Chasing after a moving target?

Question

Suppose that you have a world with two players in it the chaser and the target. Suppose that the chaser moves slightly faster than the target. If you are the chaser and you know for a fact that the target is intelligent and trying not to get caught, what would be a good approach for chasing down and ultimately catching the target? (I'm leaving the details of the world a big vague, since I'm hoping to learn a general algorithm or family of techniques for solving this problem rather than optimizing too much on the structure of the world.)

Initially I figured that using something like Dijkstra's algorithm or A* and constantly recomputing the route as the target moved would be a good idea, but there may actually be a better solution that works by taking a more roundabout route so as to corner the target. This could also be modeled as a two-player game that could be solved with minimax or UCT, but the search space could be so huge that it would be completely infeasible to do any reasonable searches.

Has this problem been extensively studied? If so, is there a set of well-known techniques that could be used here?

Thanks!

(My apologies if this is a duplicate; I couldn't seem to find another question like this one, but if there is one I'd be happy to close this one).

Answer 1

Disclaimer : I do not have an extensive knowledge about the literature on this topic. However, I have done a few things like that in the past (namely, tracking the origin of a sound source)

The simple thing when you want to chase a target is to head directly toward it. This is what you did. However, the target will move in the meantime. So the algorithm is optimal only when the target does not move.

The first element of complexity we can have is that the target has a fixed trajectory (that is unknown to the chaser). I am pretty sure that if the trajectory of the target can be any kind of function, then there is no better algorithm than the previous simple one. However, you can always make some reasonable assumptions (the target's velocity can not change too quickly, i.e its acceleration is bounded) that allows you to come up with better algorithms.

So, what I would do as a first move is to implement a Kalman filter. This gives you an estimate of the trajectory of the target. You can make some quick computations, and it will give you the trajectory the chaser should take to intercept it in minimal time.

Now, if you want something fancier (that I do not recommend for the moment), you can try to learn the trajectory of the target (but why would you want that? Kalman filters are often optimal). So you could estimate its trajectory with neural networks, with boosting algorithms, etc... But I honestly don't believe this would be useful.

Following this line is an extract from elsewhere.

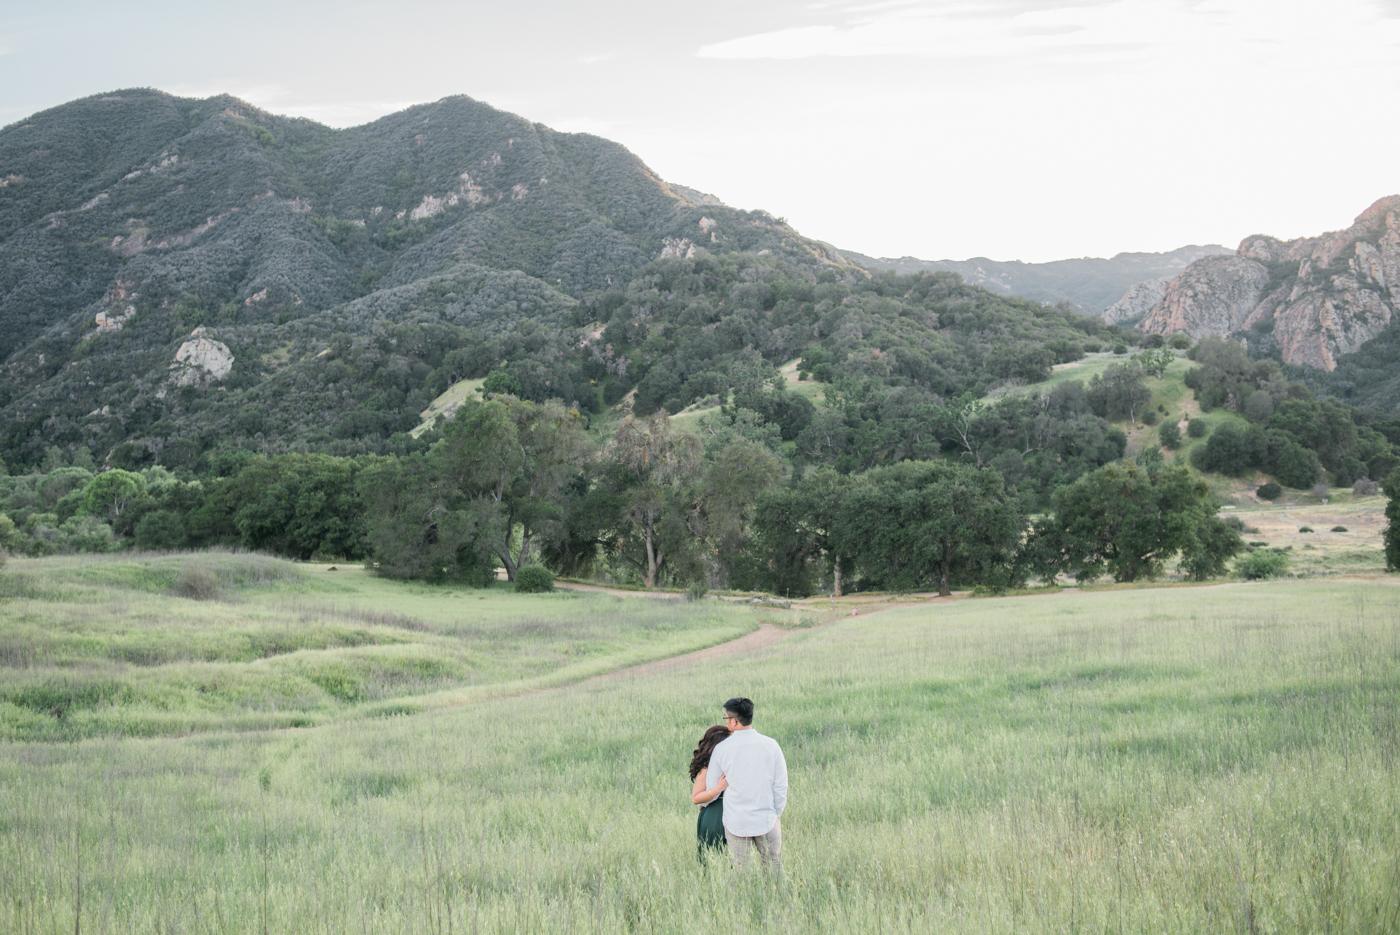 dianne&christian-malibu-creek-state-park-engagement-session-photography-los-angeles-based-wedding-photographer-17.jpg

I said this is the first layer of complexity. The second layer of complexity would be to consider that the target adapts its trajectory according to what the chaser does. This would lead to some adversarial search. It might be interesting, but I am not enough confident in this topic to talk more about it.

Answer 2

Since you're looking for a wide variety of opinions, I'll summarize something I found astonishing from the Wikipedia article on the Sidewinder missile: early heat-seeking missiles tried to steer such that the target would remain in the center of their detector. This meant, in practice, that missiles tried to chase their targets. An important development in the Sidewinder missile is that it tries to stabilize the relative position of the target on its sensors. (Mariners have known for ages that a ship on a constant bearing is actually on a collision course.)

This improved algorithm tends to draw a straight line from the predator to the prey and provides good behavior when the prey tries to evade. (Every curve the prey takes gives the predator another shortcut.)